It’s safe to say that, at this point, any data you are reporting on isn’t the full amount. Even if you haven’t implemented cookie consent banners for GDPR or CCPA, there are other ways users can prevent their behavior from being tracked, such as features built into their browsers like Intelligent Tracking Prevention in Safari, or Enhanced Tracking Protection in Firefox.

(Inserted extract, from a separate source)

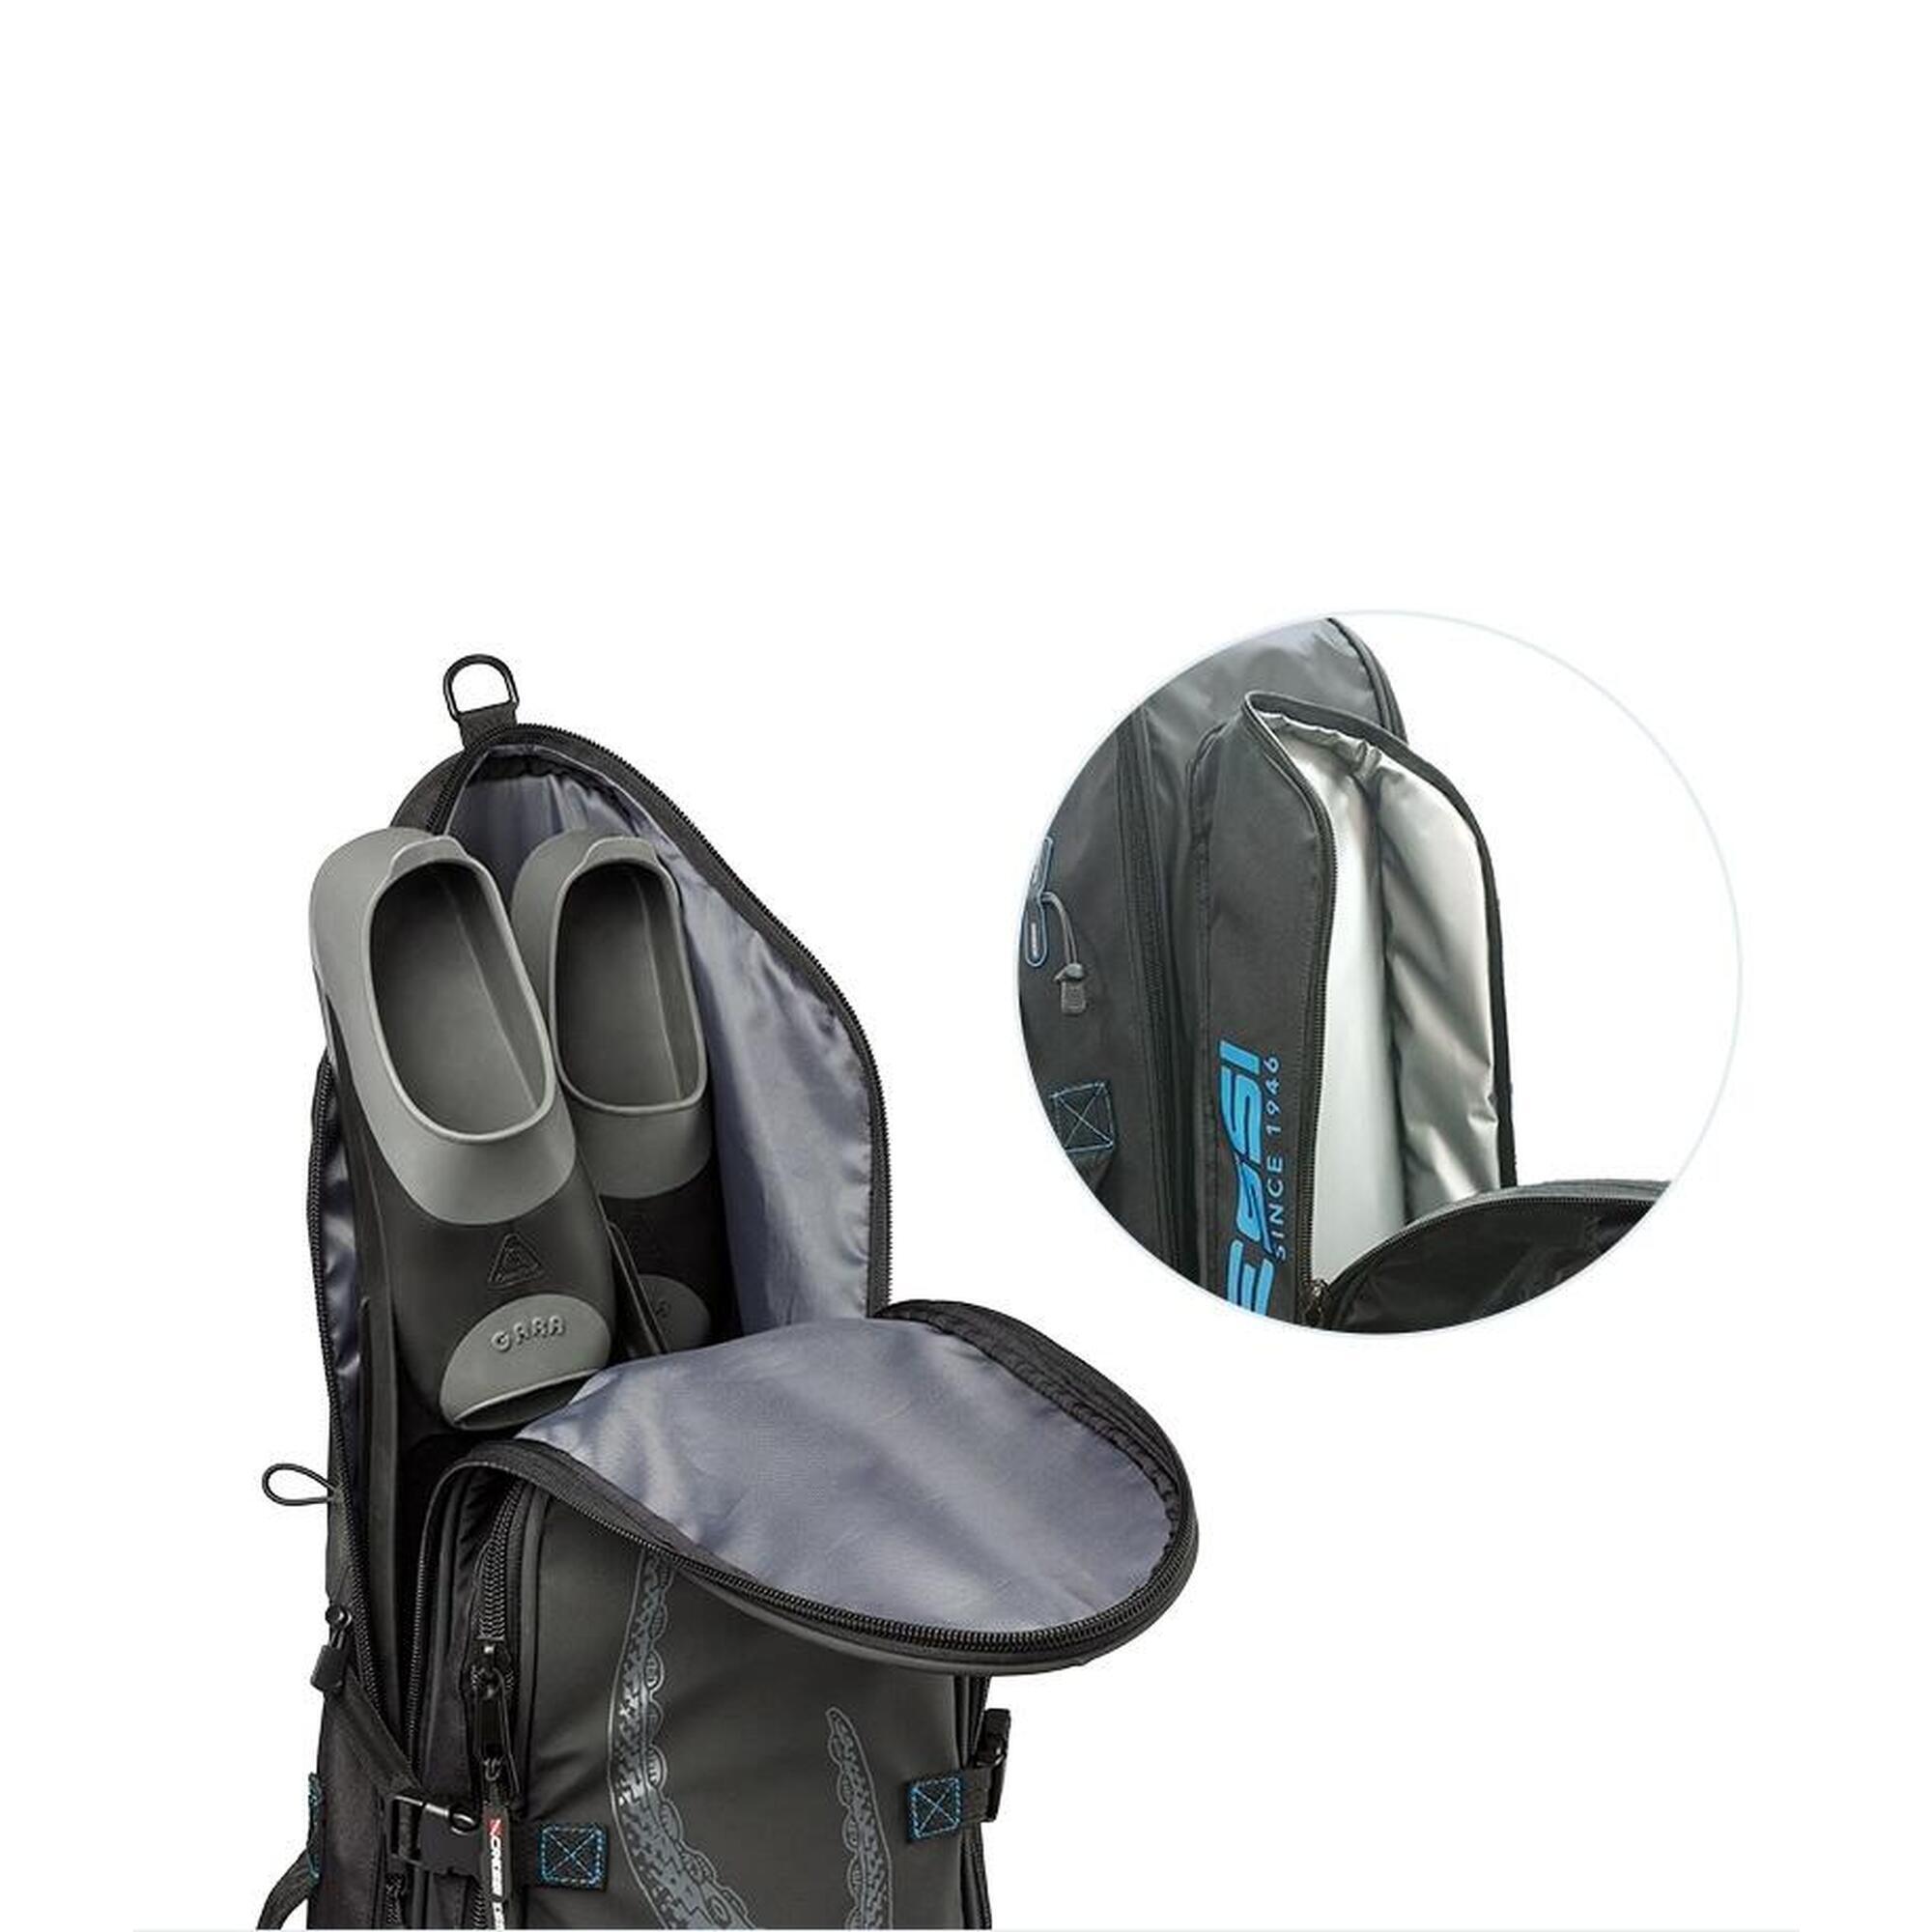 Piovra Xl Bag Long blade Fins Backpack with Water Repellant Treatment 90L
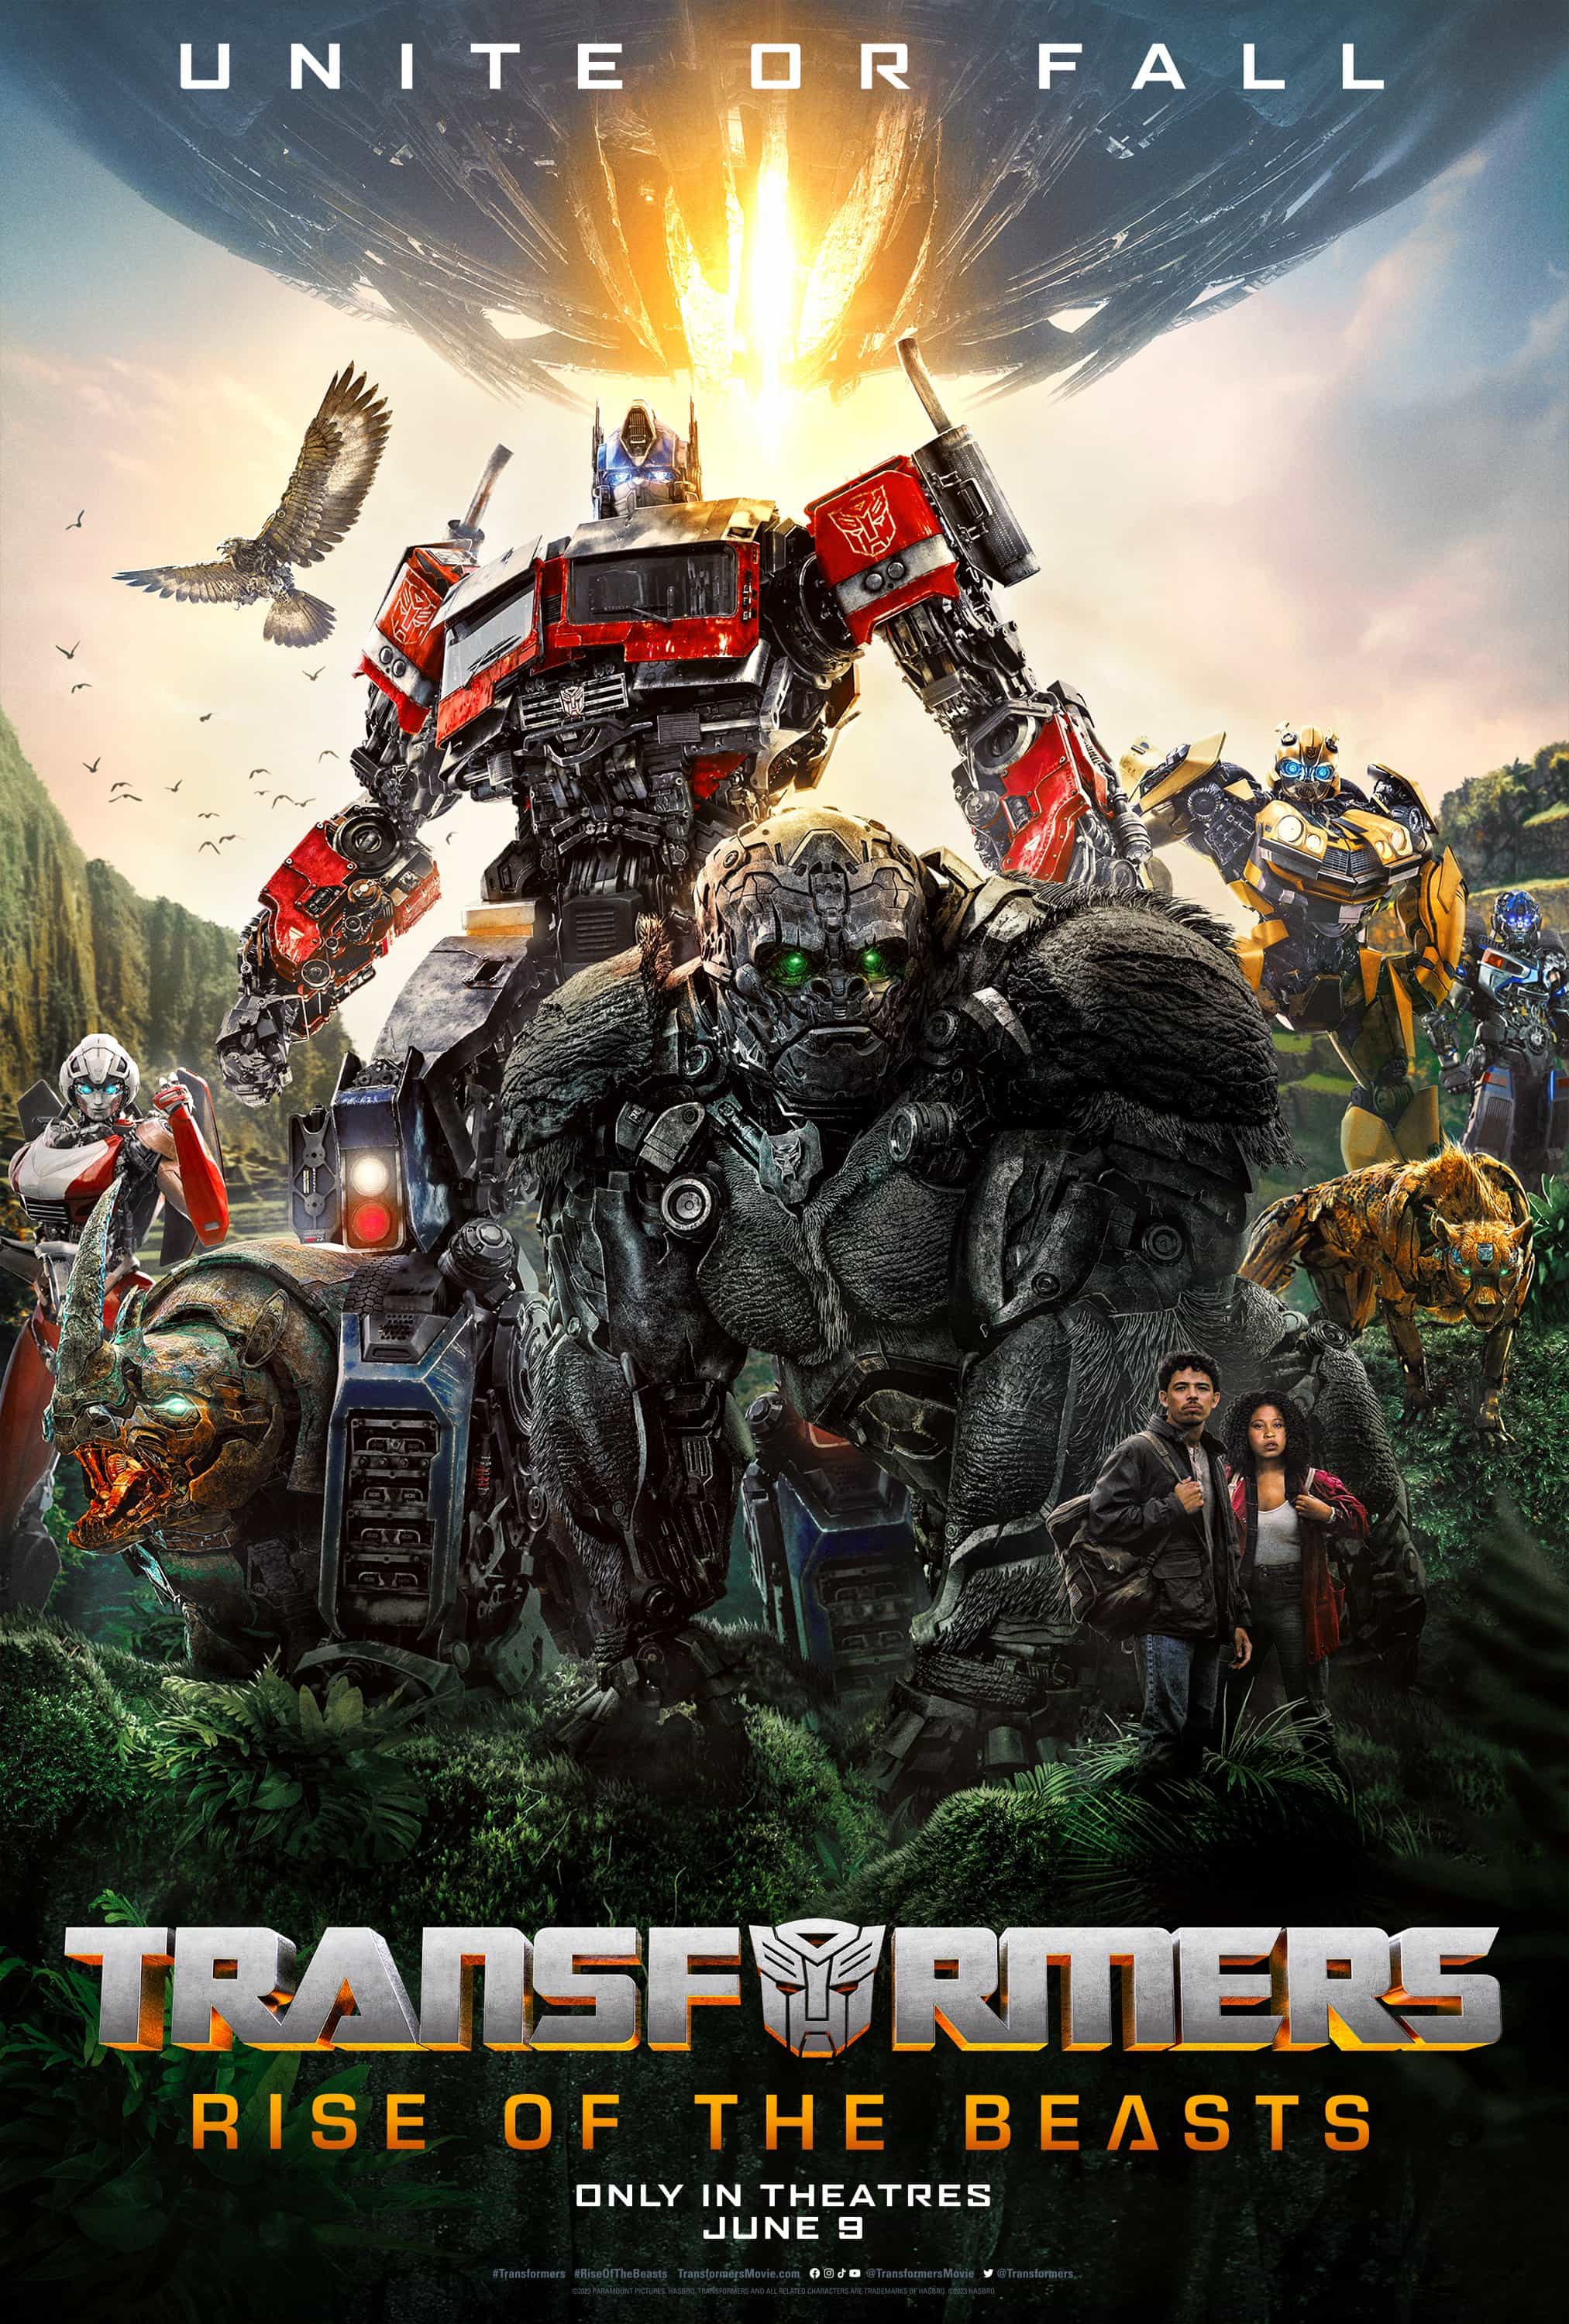 Check out the new trailer for upcoming movie Transformers: Rise of the Beasts which stars Michelle Yeoh and Pete Davidson - movie UK release date 9th June 2023 #transformersriseofthebeasts

Browsers like Brave provide “Shields” that prevent tracking scripts from being loaded. Old-school extensions like Ad-Blockers are used for less technical folks, and browsers have made a cookie’s life span much shorter (1-7 days), making most returning visitors appear new. And for more technical users who use Google Consent Mode, no real data is sent. What is sent is simply modeled data that makes strong assumptions and is completely unreliable for websites with lower traffic.
Source of Data Loss
It’s easy to assume website owners lose up to 70% of their data because modern privacy controls block or limit client-side tracking, meaning analytics scripts never load, never fire, or cannot retain data long enough to be useful.
Here is a likely breakdown of cause and data loss:
- Consent not given: 20-40% data loss
- Browser tracker blocking: 20-35% data loss
- Ad blockers & extensions: 10-30% data loss
- Cookie expiration: 10-20%
- Consent Model modeling gaps: 5-15%
And this is the common outcome in audiences outside of the EU. It becomes worse for European Union (EU) audiences, with data loss up to 80-90%.
Solution
One of the best ways to stop losing so much data is to switch to a first-party data plan that uses server-side tagging. Instead of having your tracking tools run in the user’s browser—where they get blocked by privacy settings, ad blockers, or consent pop-ups—you move the tracking to your own website’s server. This makes the data appear to come straight from your site, so browsers trust it and are less likely to block it. Server-side tagging also lets you control exactly which information you collect and share, helping you stay on the right side of GDPR and other privacy rules.
Here is a high-level overview of a server-side tagging solution.
With server-side tagging, you basically get back all the data lost to browser blocking, ad blockers, and other technical measures.
Server-side tracking can technically collect more data than browsers allow, but you’re still legally required to honor GDPR consent rules. If you send personal data to tools like GA4, Meta, or HubSpot without consent, it’s still a violation. But you can send data to privacy-first analytics tools like Fathom or Plausible without consent because they anonymize it.
My Recommendation
For a website under 200k page views a month that still desires robust reporting, you probably don’t want to build everything from scratch. There are managed services that host the server container for you and act as a central “hub” for first-party events. All of these options follow the same basic pattern: your site sends simple, privacy-safe events to a server you control, and that server is the only one that communicates with Google Analytics, ad platforms, and other tools.
I suggest the following approach.
- Select a “first-party” server-side tagging solution like Cloudflare Zaraz or something similar and connect all of your analytics accounts like HubSpot, GA4, Meta, Fathom, etc.
- Choose a backup “privacy-first” analytics solution like Plausible or Fathom as an alternative (backup) to Google Analytics.
- Implement your consent method and integrate with your SST solution. For example, Zaraz has a “setConsent” method in their API that allows you to direct it appropriately.
Implementing this stack for your data collection will allow you to use different data sources for specific reasons. You would get all the data back that was lost due to modern browser privacy settings and ad blockers. When consent is given, all of your data flows to your other tools. When a user doesn’t consent, their privacy is respected, and you have a backup analytics tool to provide the data that you missed out on before.
Even if you do not need to ask for consent based on your business and privacy requirements, I still recommend implementing a server-side tagging solution like Zaraz at a minimum, and for extra credit, a privacy-first analytics backup to validate the data you see in GA4.